As produções dos alunos de Anamélia nos levam a algumas reflexões. A primeira é: Será que pintar à maneira de Miró, Picasso ou Van Gogh concorre para a aprendizagem do desenho, para tornar a expressão gráfica da criança mais rica e mais próxima da arte, como deseja a autora? Segunda: As produções calcadas num modelo – ainda que uma obra de arte – não redundam, também, em estereótipos? Que benefícios podem advir do fato de se substituir esquemas de representação próprios da criança (e até mesmo os estereótipos que ela incorpora em seus desenhos) por esquemas de representação criados pelos artistas?

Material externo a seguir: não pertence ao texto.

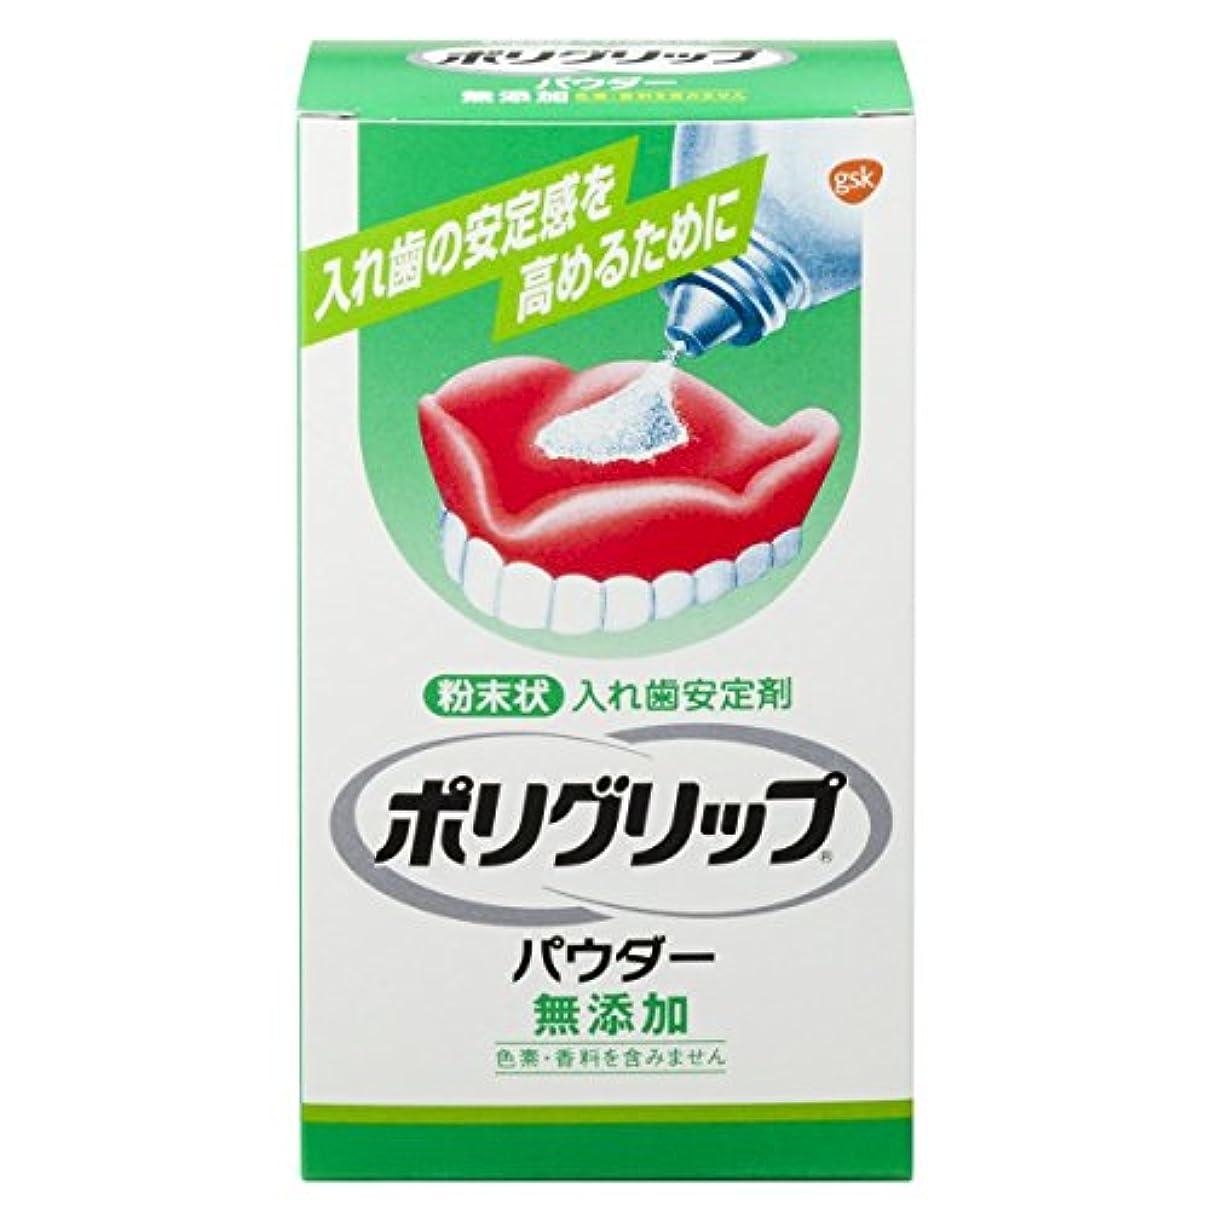 団結する自分の列挙する入れ歯安定剤 ポリグリップ パウダー無添加 50g

Apesar dos problemas aqui apontados é necessário ressaltar que o trabalho de Anamélia Buoro representa uma grande contribuição para os interessados no ensino das artes plásticas. O grande mérito do projeto é que ele promove a aquisição de conhecimentos específicos, próprios da linguagem artística, através do contato da criança com a obra de arte.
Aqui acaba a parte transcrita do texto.